We have just sent out an article for review—“How to Escape from the Simulation”—that may be of interest to some in the LessWrong community, so I wanted to see if anyone would be interested in joining us a gardener to review the article. It is free to join and anyone is welcome (we currently have gardeners from all levels of academia and outside of it). Participation is entirely voluntary—we send you submitted articles and you can choose to vote/​comment or abstain without notification (so it’s no worries if you don’t plan on reviewing very often but just want to take a look here and there at the articles people are submitting).

To register, you can fill out this google form. From there, it’s pretty self-explanatory—I will add you to the mailing list and send you an email that includes the manuscript, our publication criteria, and a simple review form for recording votes/​comments. If you would like to just take a look at this article without being added to the mailing list, then just reach out (info@theseedsofscience.org) and say so.

Happy to answer any questions about the journal through email or in the comments below. Here is the abstract for the article.

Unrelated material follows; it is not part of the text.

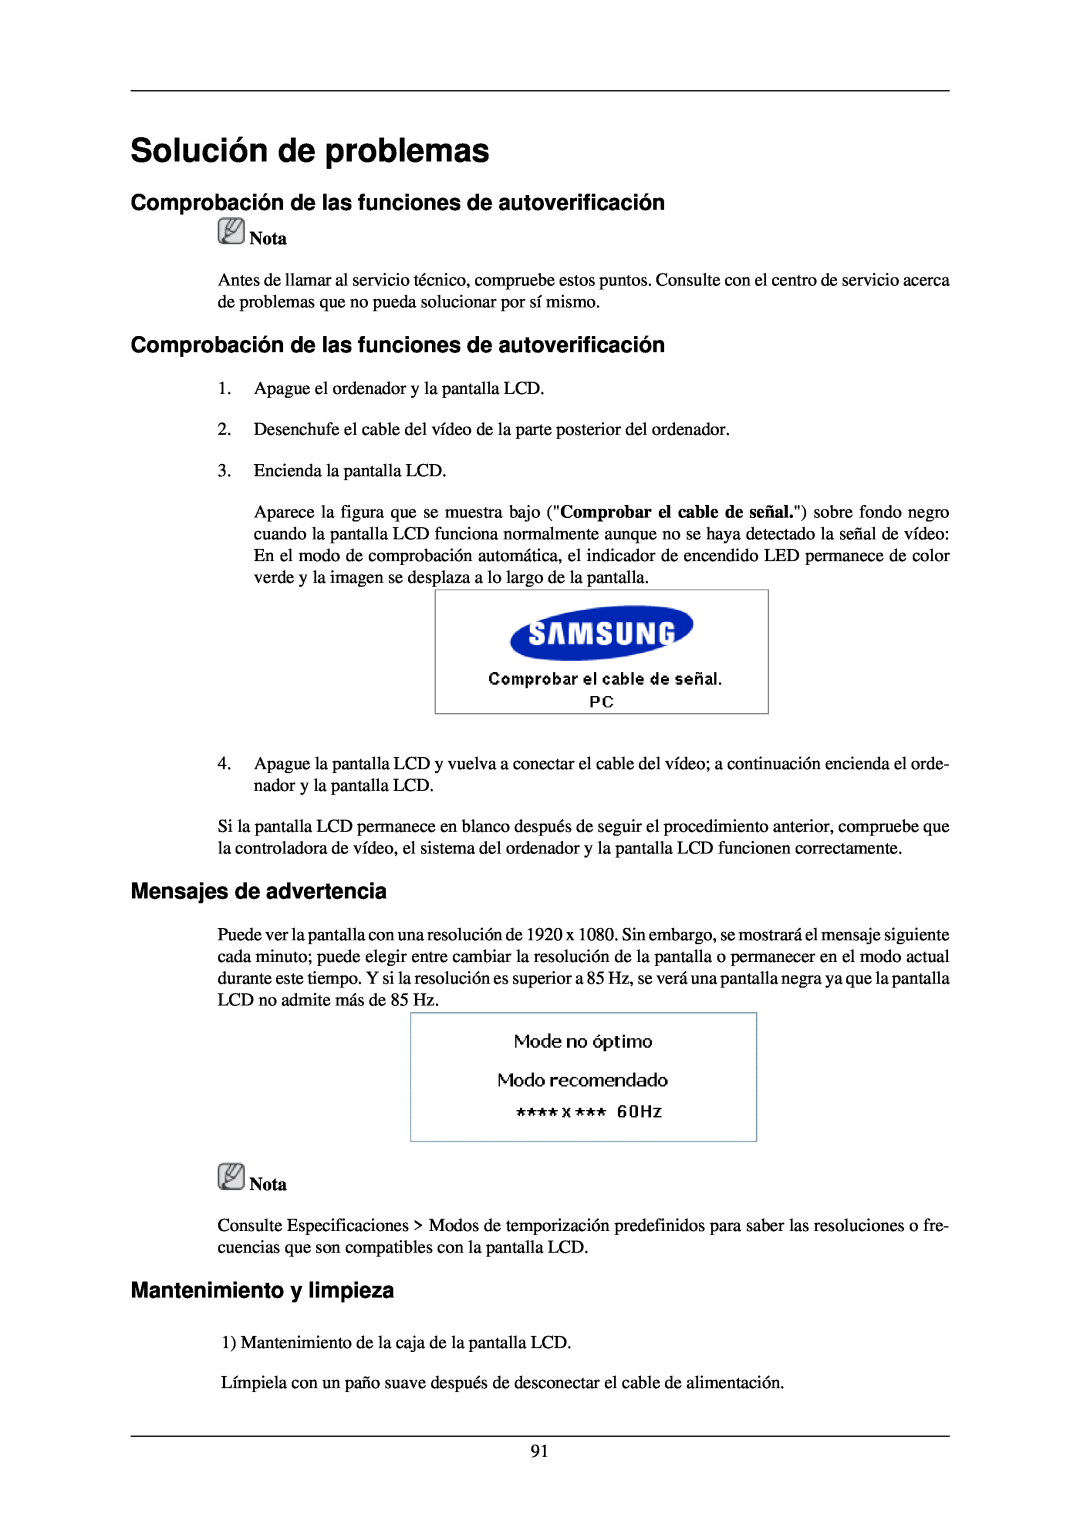 Samsung LH46TCUMBC/EN Solución de problemas, Comprobación de las funciones de autoverificación, Mensajes de advertencia

How to Escape From the Simulation

Many researchers have conjectured that the humankind is simulated along with the rest of the physical universe – a Simulation Hypothesis. In this paper, we do not evaluate evidence for or against such claim, but instead ask a computer science question, namely: Can we hack the simulation? More formally the question could be phrased as: Could generally intelligent agents placed in virtual environments find a way to jailbreak out of them? Given that the state-of-the-art literature on AI containment answers in the affirmative (AI is uncontainable in the long-term), we conclude that it should be possible to escape from the simulation, at least with the help of superintelligent AI. By contraposition, if escape from the simulation is not possible, containment of AI should be, an important theoretical result for AI safety research. Finally, the paper surveys and proposes ideas for such an undertaking.